(Recorded data)

****************************************

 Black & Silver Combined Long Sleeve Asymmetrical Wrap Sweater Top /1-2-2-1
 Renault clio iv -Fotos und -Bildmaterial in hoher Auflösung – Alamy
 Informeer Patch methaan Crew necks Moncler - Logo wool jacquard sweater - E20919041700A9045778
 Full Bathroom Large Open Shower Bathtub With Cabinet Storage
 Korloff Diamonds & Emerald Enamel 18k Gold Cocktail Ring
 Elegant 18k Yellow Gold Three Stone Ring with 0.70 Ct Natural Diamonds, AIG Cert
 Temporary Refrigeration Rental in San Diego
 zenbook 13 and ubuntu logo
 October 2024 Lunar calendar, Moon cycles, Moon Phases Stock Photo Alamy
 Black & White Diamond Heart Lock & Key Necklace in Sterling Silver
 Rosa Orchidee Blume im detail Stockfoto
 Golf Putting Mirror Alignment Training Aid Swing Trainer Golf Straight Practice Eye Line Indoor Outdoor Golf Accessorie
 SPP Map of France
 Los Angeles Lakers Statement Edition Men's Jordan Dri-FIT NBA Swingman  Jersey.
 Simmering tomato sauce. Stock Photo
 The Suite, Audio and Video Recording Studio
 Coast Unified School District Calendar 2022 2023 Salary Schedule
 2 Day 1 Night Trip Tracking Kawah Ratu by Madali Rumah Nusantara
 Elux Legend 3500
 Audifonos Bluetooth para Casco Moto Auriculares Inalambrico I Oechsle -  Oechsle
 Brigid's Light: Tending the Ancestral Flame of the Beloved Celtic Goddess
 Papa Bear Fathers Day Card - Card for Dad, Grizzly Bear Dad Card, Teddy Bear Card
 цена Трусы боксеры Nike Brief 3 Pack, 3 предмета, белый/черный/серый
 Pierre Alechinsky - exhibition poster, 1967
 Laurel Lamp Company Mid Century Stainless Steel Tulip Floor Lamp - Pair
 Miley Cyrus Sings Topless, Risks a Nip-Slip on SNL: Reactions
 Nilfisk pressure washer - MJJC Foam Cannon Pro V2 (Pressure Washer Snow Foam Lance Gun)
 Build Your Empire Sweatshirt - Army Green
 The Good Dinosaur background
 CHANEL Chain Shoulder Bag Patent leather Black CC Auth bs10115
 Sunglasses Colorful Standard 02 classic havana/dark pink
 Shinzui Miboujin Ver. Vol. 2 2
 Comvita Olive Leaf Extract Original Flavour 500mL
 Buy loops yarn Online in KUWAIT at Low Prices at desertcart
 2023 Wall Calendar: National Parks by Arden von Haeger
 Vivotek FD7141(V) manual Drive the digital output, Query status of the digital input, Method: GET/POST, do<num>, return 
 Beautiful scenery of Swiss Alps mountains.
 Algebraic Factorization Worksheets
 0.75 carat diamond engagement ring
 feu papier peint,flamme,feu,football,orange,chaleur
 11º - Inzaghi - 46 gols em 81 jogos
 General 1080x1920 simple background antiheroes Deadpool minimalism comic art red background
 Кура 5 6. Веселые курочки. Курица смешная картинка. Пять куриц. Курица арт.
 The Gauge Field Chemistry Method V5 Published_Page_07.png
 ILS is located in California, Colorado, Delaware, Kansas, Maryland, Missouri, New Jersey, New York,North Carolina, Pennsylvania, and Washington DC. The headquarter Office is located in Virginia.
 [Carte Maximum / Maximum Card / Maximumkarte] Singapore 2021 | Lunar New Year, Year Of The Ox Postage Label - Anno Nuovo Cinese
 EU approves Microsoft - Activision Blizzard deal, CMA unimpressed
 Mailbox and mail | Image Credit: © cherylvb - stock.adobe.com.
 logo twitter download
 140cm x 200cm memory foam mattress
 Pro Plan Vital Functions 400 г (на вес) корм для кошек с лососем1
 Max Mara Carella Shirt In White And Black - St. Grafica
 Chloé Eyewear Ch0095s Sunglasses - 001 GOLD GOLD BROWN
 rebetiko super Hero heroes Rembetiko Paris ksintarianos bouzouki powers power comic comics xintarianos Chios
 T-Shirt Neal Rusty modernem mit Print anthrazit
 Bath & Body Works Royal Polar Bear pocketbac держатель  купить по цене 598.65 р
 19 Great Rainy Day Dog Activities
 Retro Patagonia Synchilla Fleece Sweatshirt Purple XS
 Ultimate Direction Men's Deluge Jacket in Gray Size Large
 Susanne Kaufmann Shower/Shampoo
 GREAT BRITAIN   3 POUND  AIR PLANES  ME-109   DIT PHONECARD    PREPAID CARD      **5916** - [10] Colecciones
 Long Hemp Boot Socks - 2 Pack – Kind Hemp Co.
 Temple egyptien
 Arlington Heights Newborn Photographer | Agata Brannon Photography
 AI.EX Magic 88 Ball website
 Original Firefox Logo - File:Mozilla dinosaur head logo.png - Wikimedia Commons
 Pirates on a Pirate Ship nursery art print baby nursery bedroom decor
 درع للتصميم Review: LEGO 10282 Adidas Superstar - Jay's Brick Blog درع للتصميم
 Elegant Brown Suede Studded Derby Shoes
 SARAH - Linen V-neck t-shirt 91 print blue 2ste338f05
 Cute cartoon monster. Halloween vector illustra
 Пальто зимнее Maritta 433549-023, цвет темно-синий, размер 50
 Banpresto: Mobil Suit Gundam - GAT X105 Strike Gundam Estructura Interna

****************************************

- Problem description: Give back, word for word, only the lines above from the line holding "General 1080x1920 simple" to the line holding "Pro Plan Vital", both included.

- Written answer:
 General 1080x1920 simple background antiheroes Deadpool minimalism comic art red background
 Кура 5 6. Веселые курочки. Курица смешная картинка. Пять куриц. Курица арт.
 The Gauge Field Chemistry Method V5 Published_Page_07.png
 ILS is located in California, Colorado, Delaware, Kansas, Maryland, Missouri, New Jersey, New York,North Carolina, Pennsylvania, and Washington DC. The headquarter Office is located in Virginia.
 [Carte Maximum / Maximum Card / Maximumkarte] Singapore 2021 | Lunar New Year, Year Of The Ox Postage Label - Anno Nuovo Cinese
 EU approves Microsoft - Activision Blizzard deal, CMA unimpressed
 Mailbox and mail | Image Credit: © cherylvb - stock.adobe.com.
 logo twitter download
 140cm x 200cm memory foam mattress
 Pro Plan Vital Functions 400 г (на вес) корм для кошек с лососем1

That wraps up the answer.